Tom Carmedy

Personal information
- Full name: Thomas Owen Carmedy
- Date of birth: 23 June 1904
- Place of birth: Gainford, England
- Date of death: January 1985 (aged 80)
- Place of death: Weybridge, England
- Position(s): Centre forward

Senior career*
- Years: Team / Apps / (Gls)
- 19??–1927: Gainford
- 1927: Darlington / 1 / (0)
- 1927: Cockfield
- 1927–1928: Bishop Auckland
- 1928–1931: Nelson / 66 / (20)
- 1931–1932: Barrow / 7 / (0)
- 1932–1933: Boston Town
- 1933–19??: Northwood United

= Tom Carmedy =

English footballer

Tom Carmedy (23 June 1904 – January 1985) was an English professional footballer who played predominantly as a centre forward. He began his career in local-league football with his hometown club, Gainford, before joining Football League side Darlington in 1927. He later played for Nelson and Barrow, before returning to non-League football.

==Biography==
Thomas Owen Carmedy was born to a Roman Catholic family in Gainford, County Durham on 23 June 1904. Following his retirement from football, he lived in the south of England was employed in a tailor's shop. Carmedy died in Weybridge, Surrey, in January 1985 at the age of 80.

==Playing career==

===Early career===
Carmedy started his footballing career with his local club, Gainford. In March 1927, he signed for Football League Second Division side Darlington as an amateur player. Following the team's relegation to the Third Division North at the end of the 1926–27 campaign, Carmedy made his debut for Darlington on 31 August 1927 in the 1–0 win against Bradford City. However, he did not make another appearance for the club, and in November 1927, he returned to non-League football with Cockfield. Shortly afterwards, he moved to Bishop Auckland, where he remained until midway through the 1928–29 season.

===Nelson===
Carmedy was signed by Third Division North outfit Nelson in December 1928, initially on amateur terms. The following month, he was awarded a professional contract and made his debut for the club on 19 January 1929, scoring in the 1–1 draw with Southport at Seedhill. He then spent several matches out of the side, before making a return to play three matches as an outside forward in place of the unavailable Harry Ridley. In April 1929, he scored in consecutive matches against Halifax Town and Lincoln City, meaning that he ended the season with a total of three goals in eight appearances for his new club.

In the 1929–30 campaign, Carmedy became more of a first-team player at Nelson, especially after new signing Fred Ferrari fell out of favour with the directors despite scoring three goals in his opening seven matches for the club. On his fourth appearance of the season, Carmedy netted a hat-trick in the 4–0 home win over Wrexham. He enjoyed a sustained run at centre forward between December 1929 and February 1930, during which time he scored a further four goals. Towards the end of the season, he shared centre forward duties with new arrival Ernie Dixon, who had arrived from Huddersfield Town for a fee of £300. Carmedy ended the campaign with 10 goals in 29 league matches as the team finished 19th in the league.
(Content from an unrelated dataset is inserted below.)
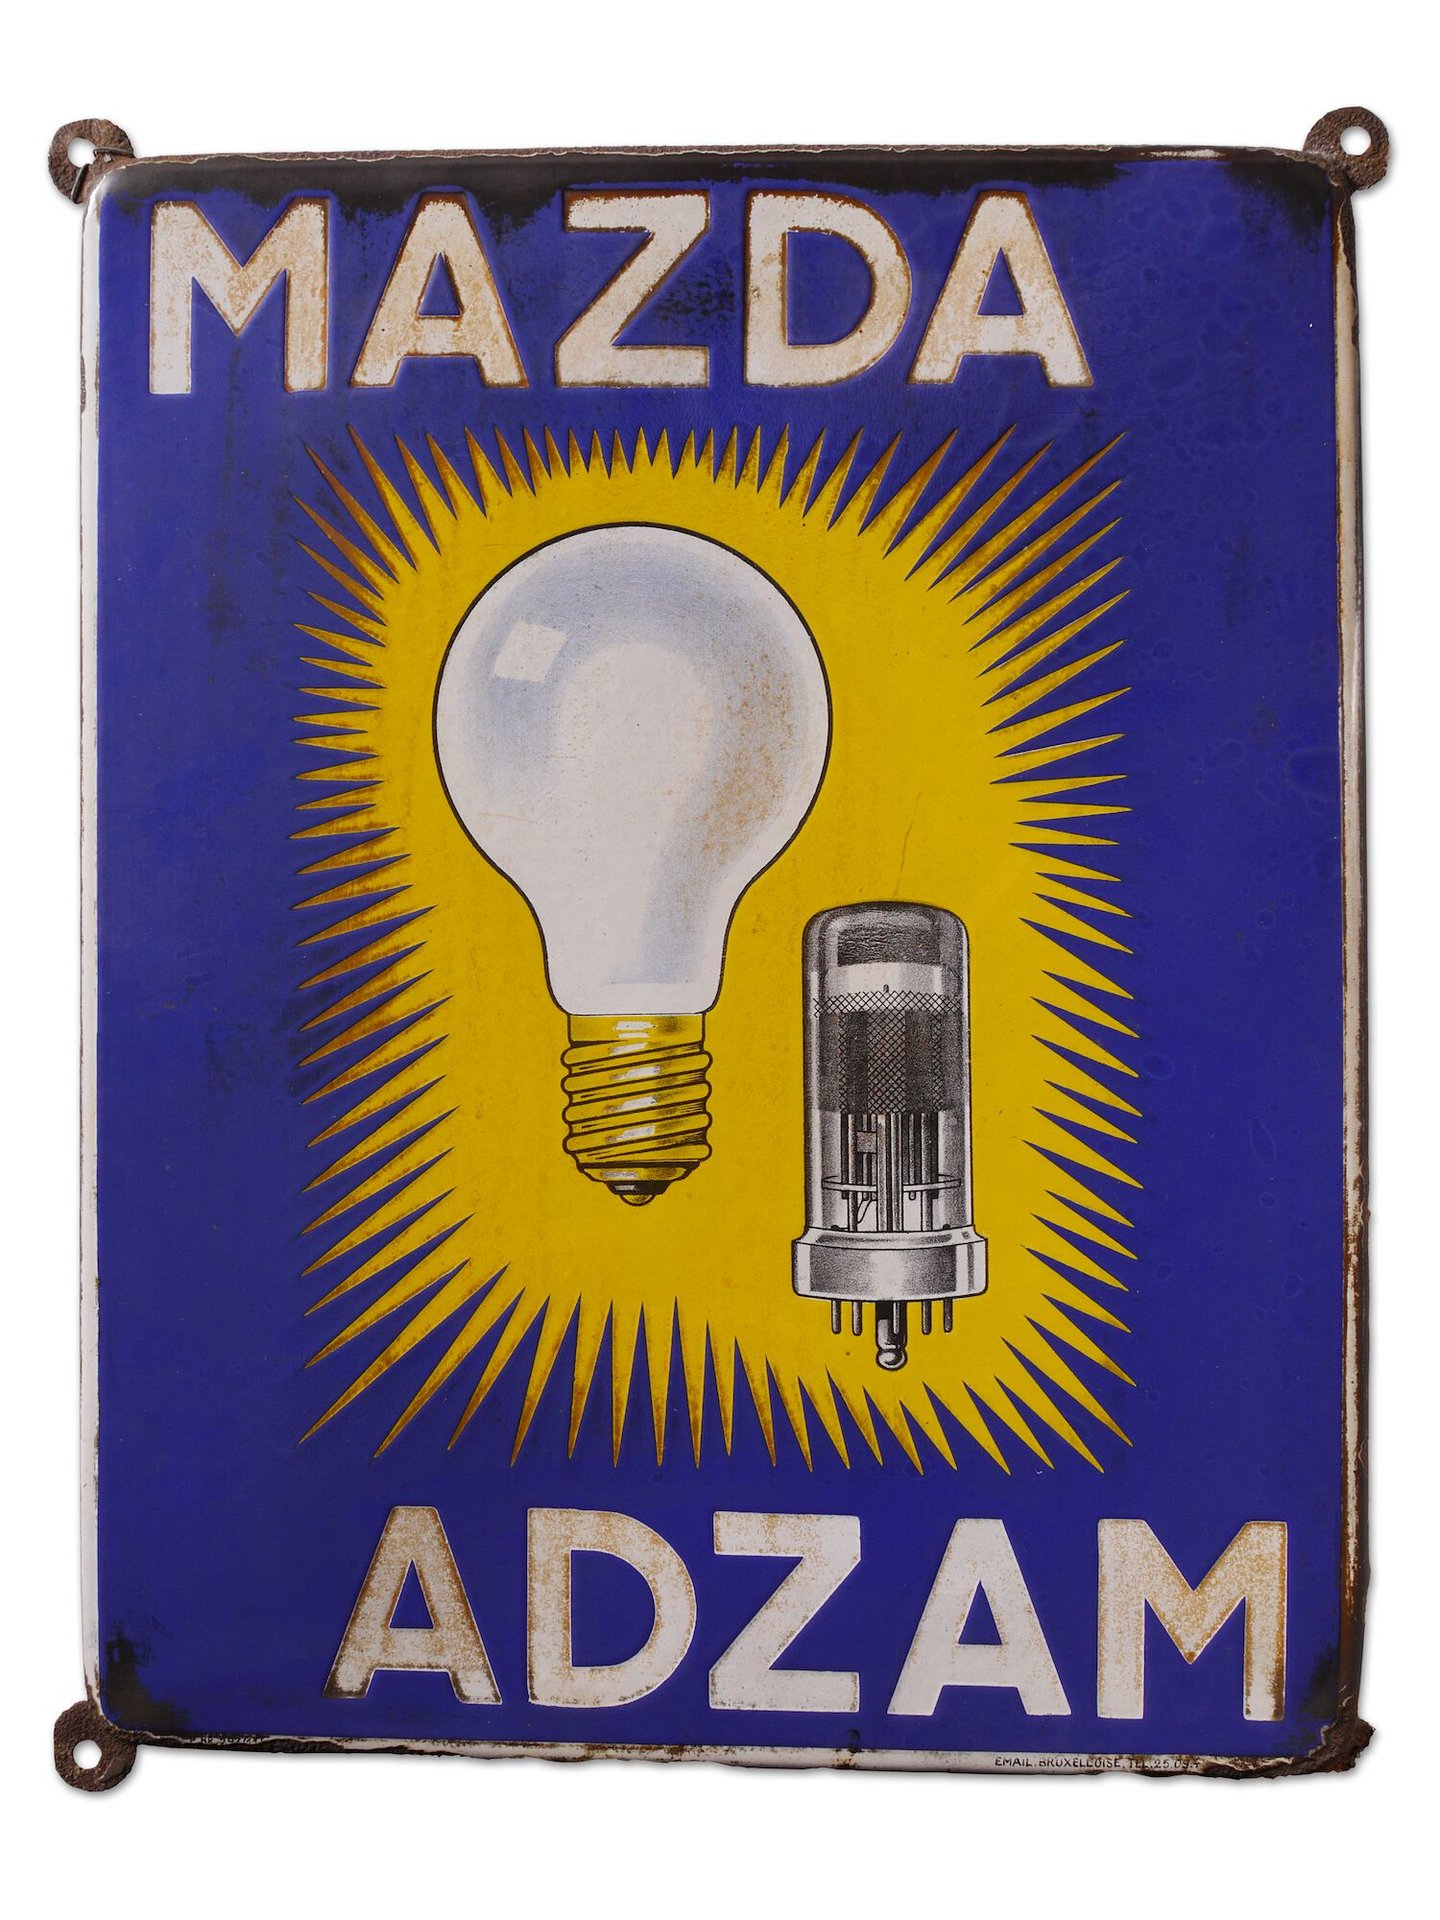 Geëmailleerd reclamebord voor lampen van het merk Mazda en Adzam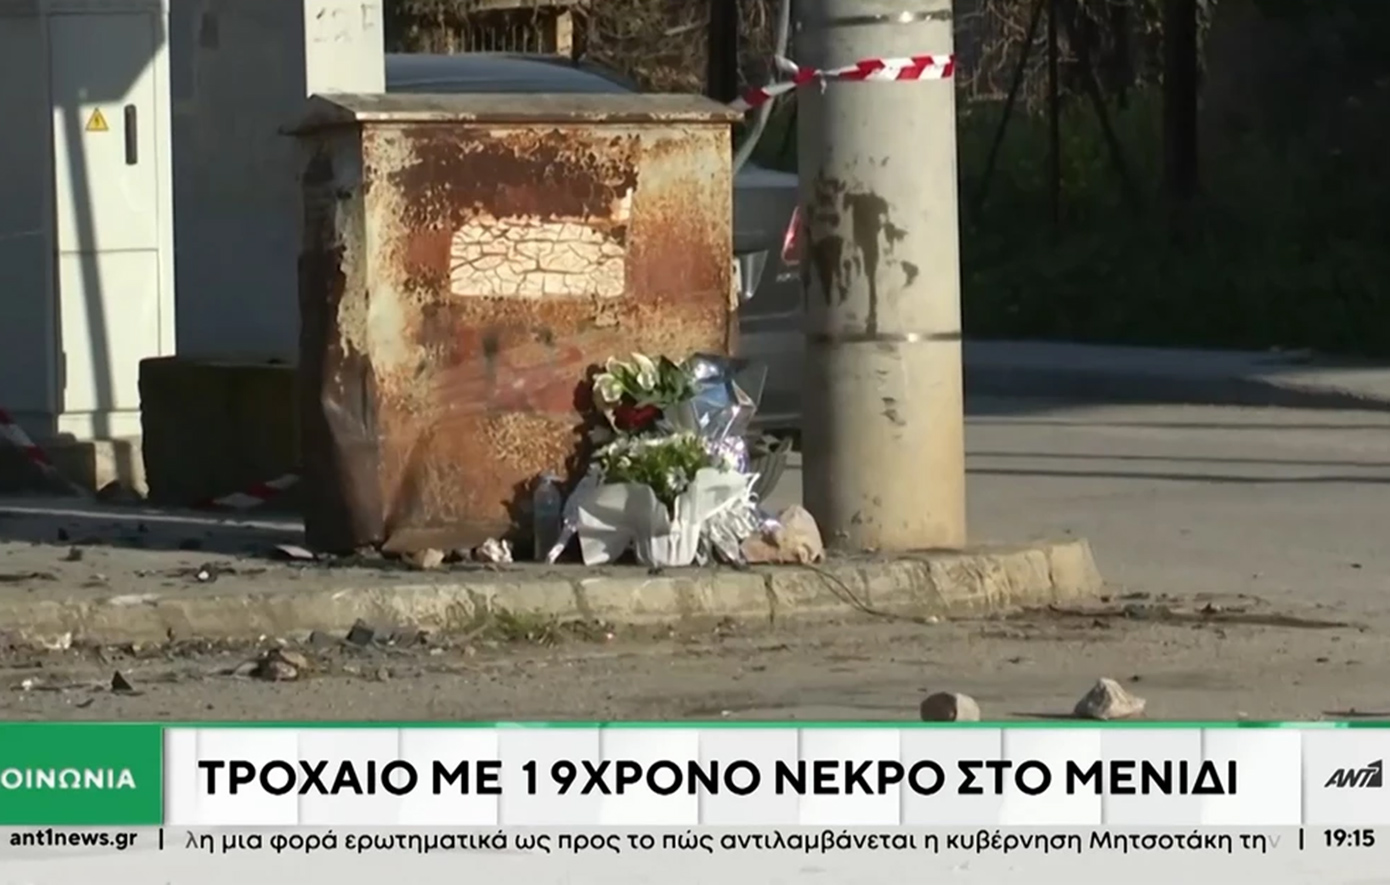 Θρήνος για τον 19χρονο που σκοτώθηκε στο τροχαίο στο οποίο ενεπλάκη ο Γιάννης Ξανθόπουλος

The following season was a disappointing one for Nelson, as they finished bottom of the Third Division North and failed in their bid for re-election in the summer of 1931. In one the side's few victories, Carmedy scored the second hat-trick of his professional career in the 4–2 win against Accrington Stanley. The majority of Carmedy's appearances during the 1930–31 campaign were made at outside-right, and subsequently he scored fewer goals than he had in the previous season, scoring a total of 7 in 29 games. In March 1931, he was forced to play as a goalkeeper during a reserve match against Lancaster Town. In snowy conditions, he conceded four goals, although a match report in a local newspaper claimed that his performance was "nothing short of remarkable".

===Return to non-league===
Most of the Nelson players departed the club following their relegation to the Lancashire Combination in 1931. Carmedy stayed in the Third Division North, signing a deal with Barrow. During a solitary season at Holker Street, he made seven first-team appearances but failed to get on the scoresheet for the club. In October 1932, he returned to non-league football, joining Boston Town on a free transfer. He spent a year with the side, before moving to Northwood United, where he ended his career, in November 1933.